• Required work: Before printing the listing, strip out its pictures and keep everything else exact.

- Opening Delimiter -

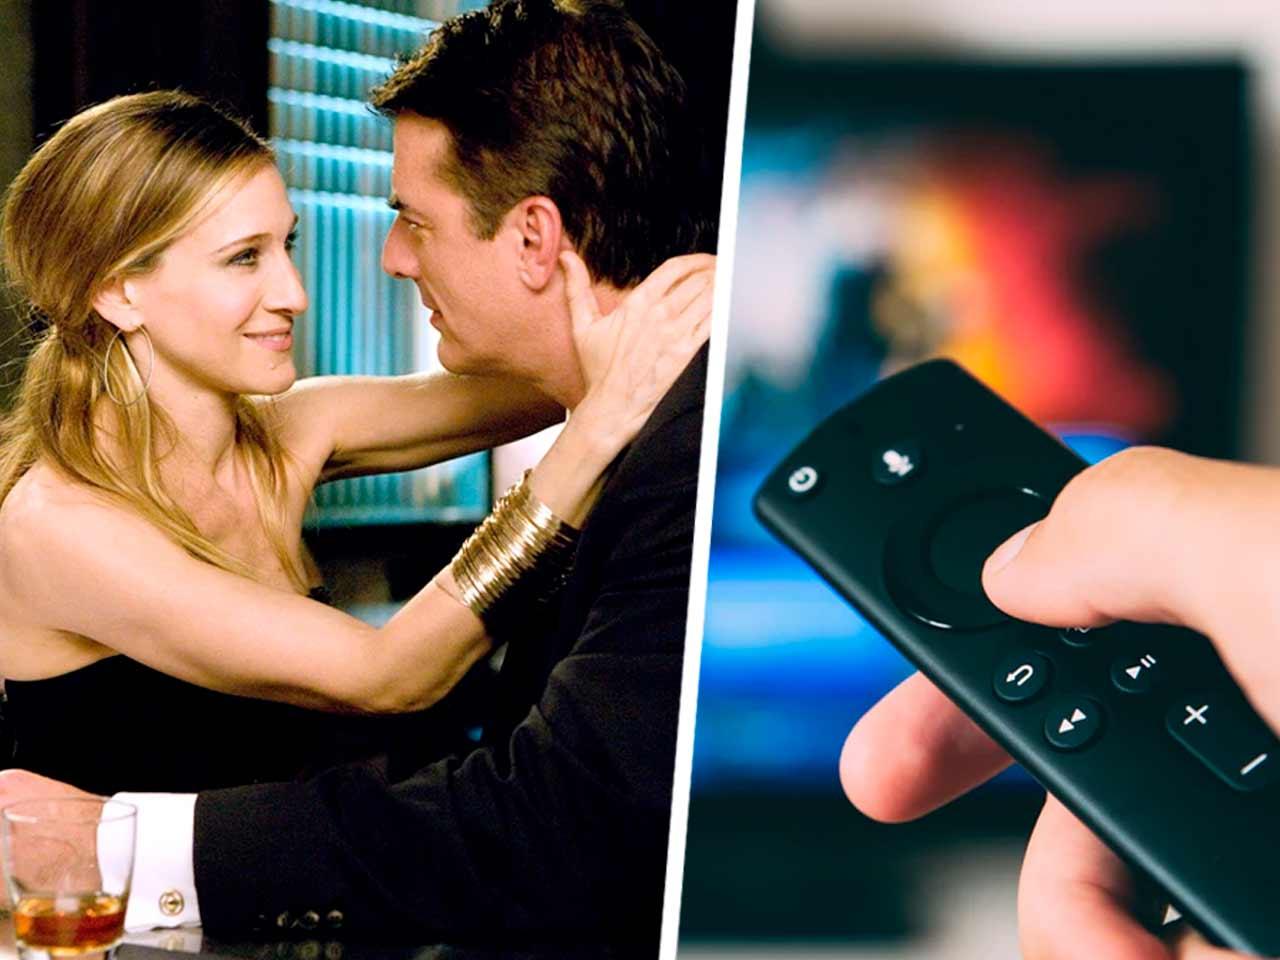 Сценарий сиквела «Секс в большом городе» попал в интернет, у Кэрри с мужем разлад в браке
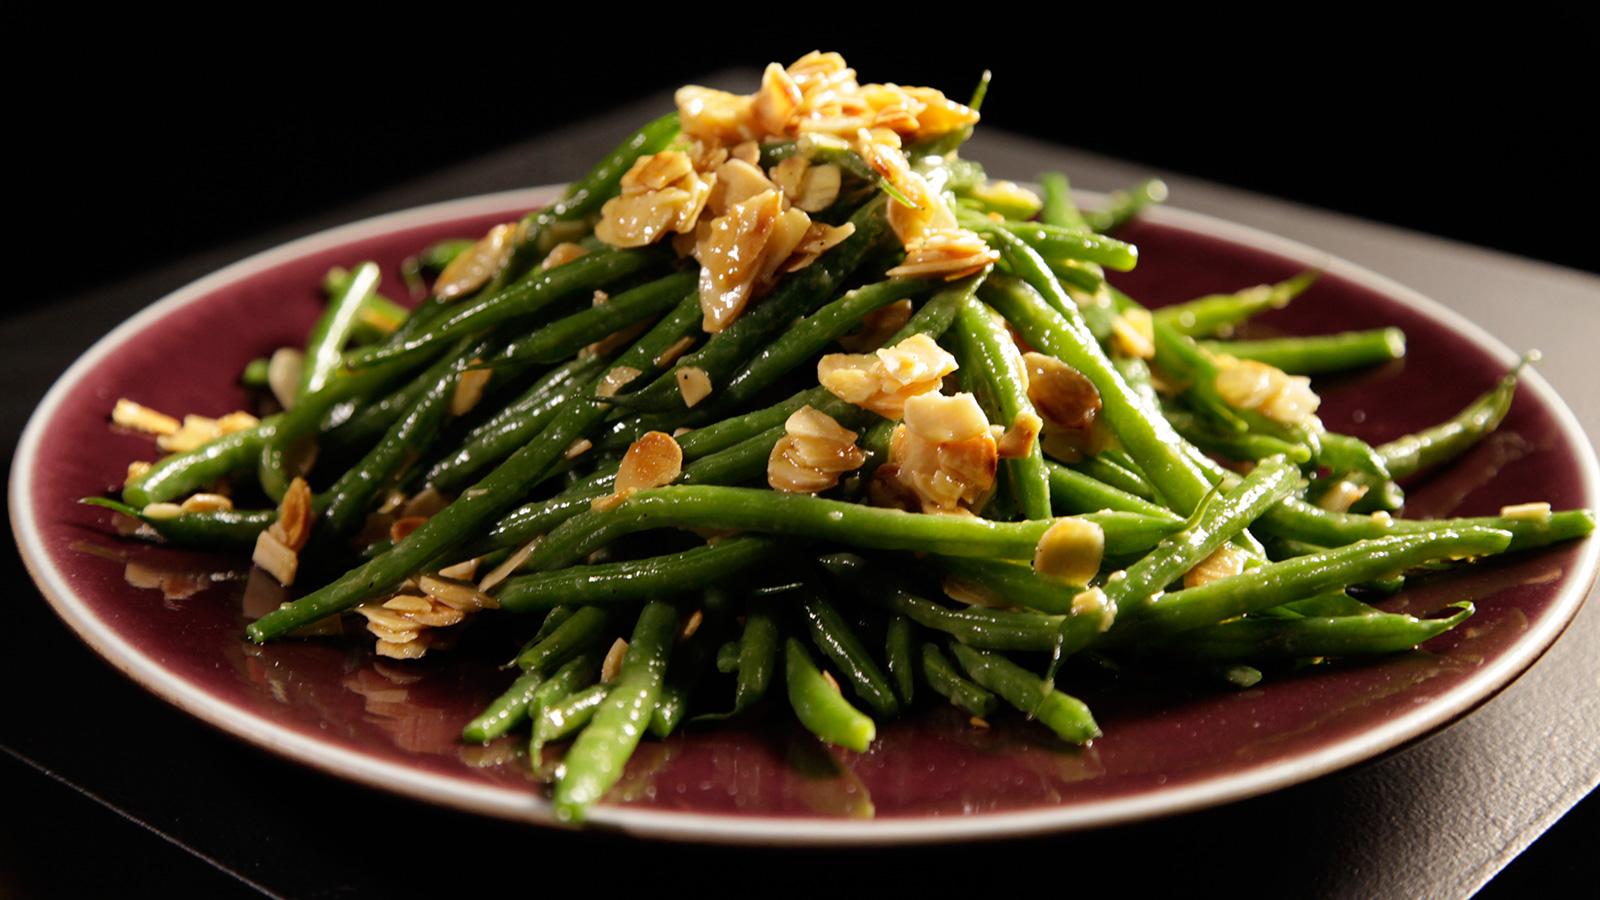 Ensalada de jud as verdes ali ada con mostaza green bean salad with mustand dressing gordon - Tiempo coccion judias verdes ...
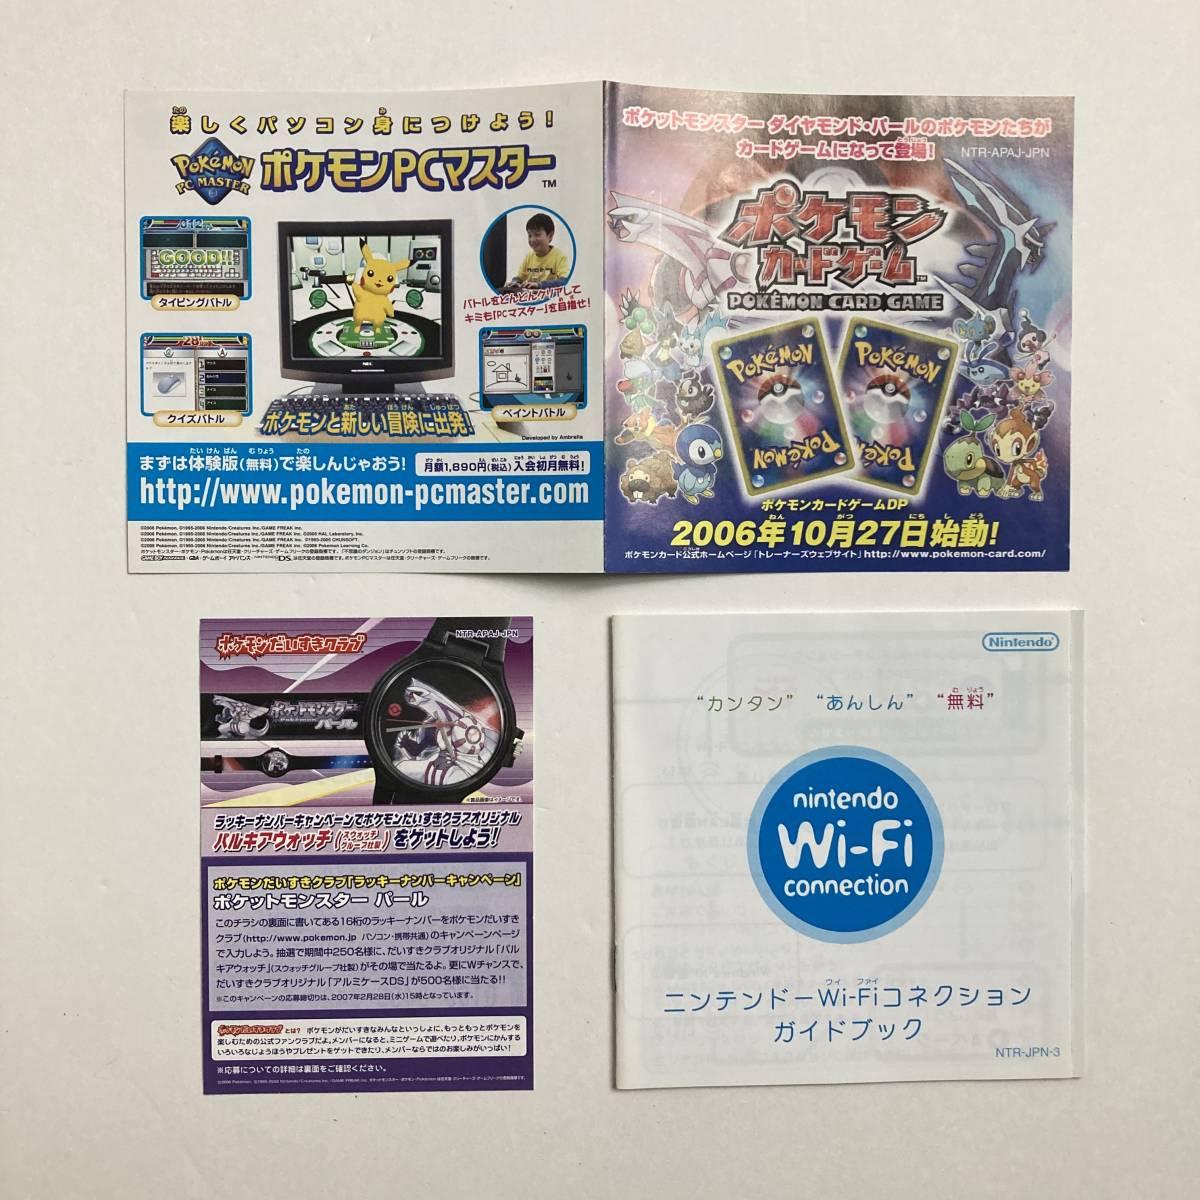 任天堂 ニンテンドーDS ポケットモンスター パール ポケモン / Pokemon Pearl Pokmon Pocket Monster Nintendo DS NDS RPG Game Japan JP
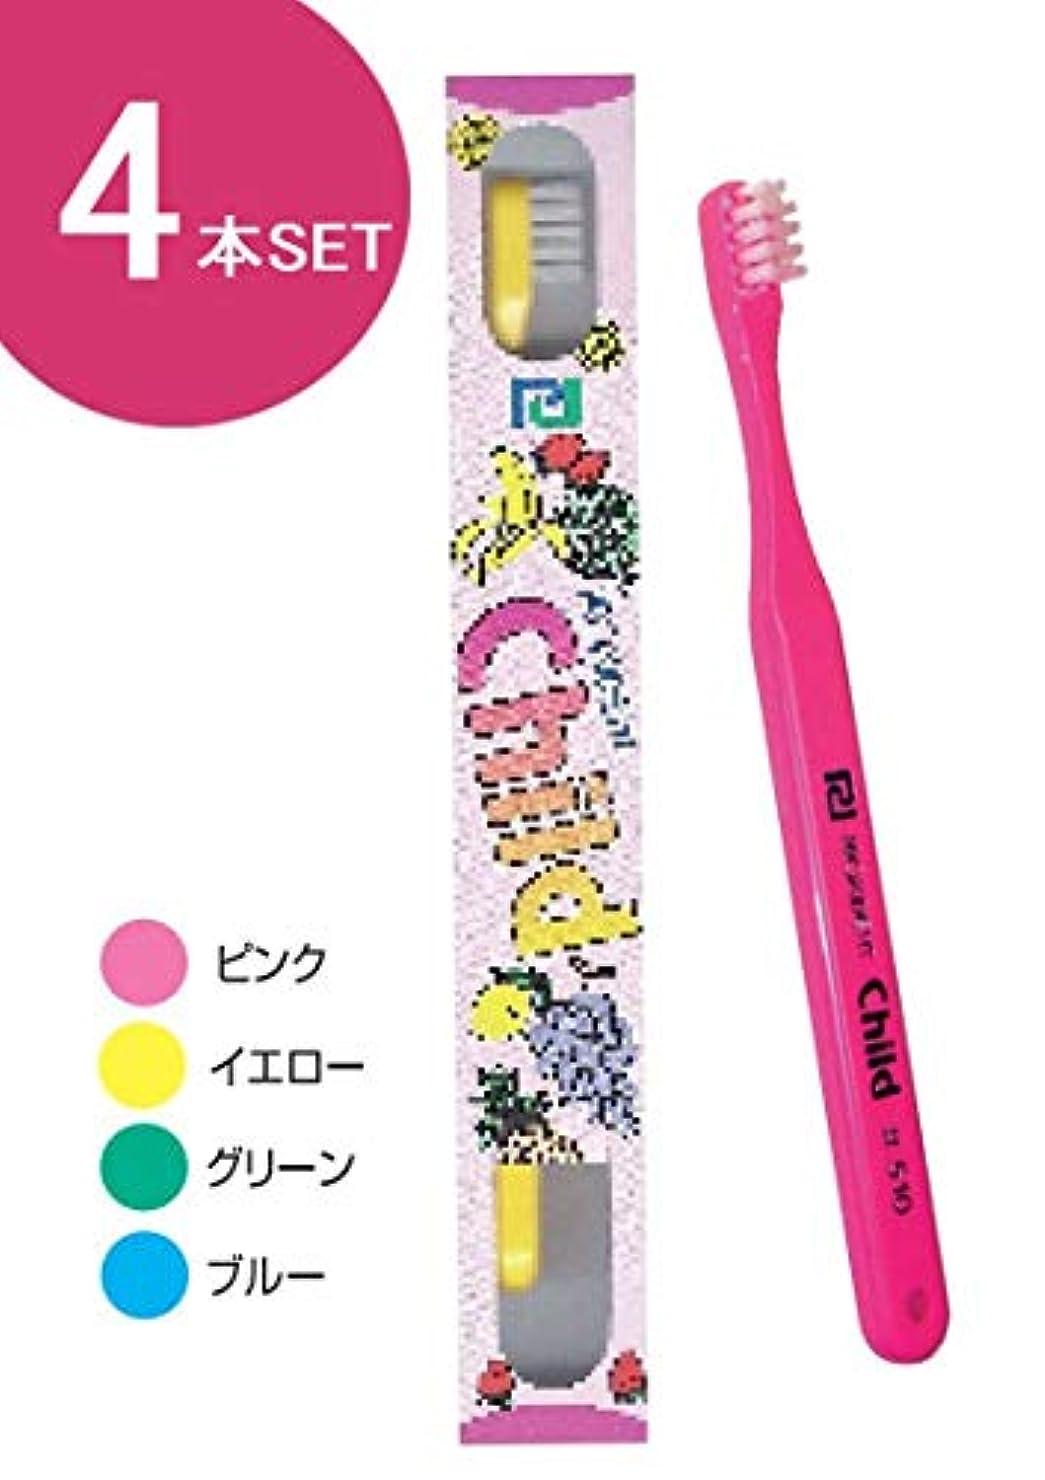 スラッシュ蓋筋肉のプローデント プロキシデント チャイルド 歯ブラシ #510 (4本)
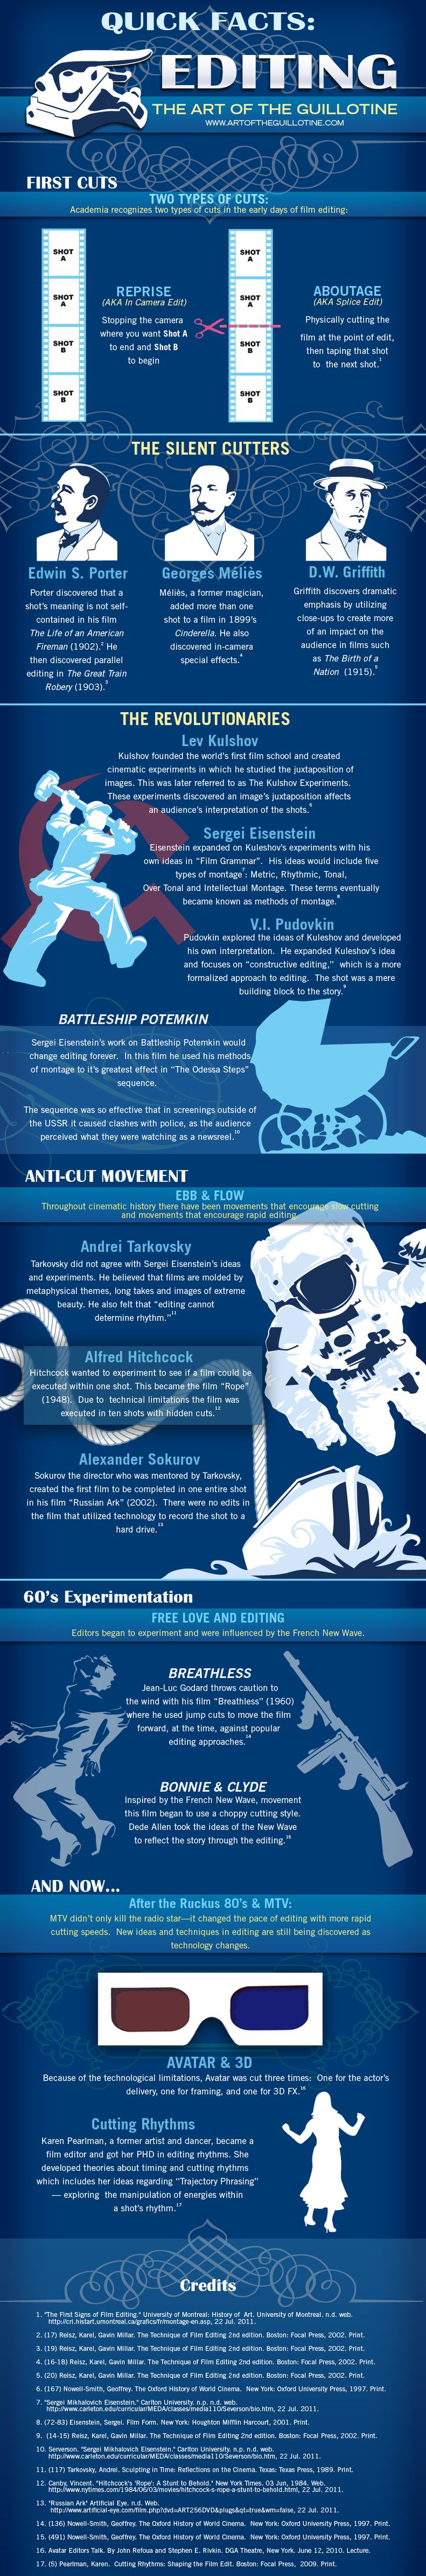 http://filmlinker.com/otherimages/Slideshows/infographics/HistoryInEditing.jpg

- Closing Delimiter -

• Solution to this task:
 Сценарий сиквела «Секс в большом городе» попал в интернет, у Кэрри с мужем разлад в браке
 Ensalada de jud as verdes ali ada con mostaza green bean salad with mustand dressing gordon - Tiempo coccion judias verdes ...
 任天堂 ニンテンドーDS ポケットモンスター パール ポケモン / Pokemon Pearl Pokmon Pocket Monster Nintendo DS NDS RPG Game Japan JP
 スラッシュ蓋筋肉のプローデント プロキシデント チャイルド 歯ブラシ #510 (4本)
 http://filmlinker.com/otherimages/Slideshows/infographics/HistoryInEditing.jpg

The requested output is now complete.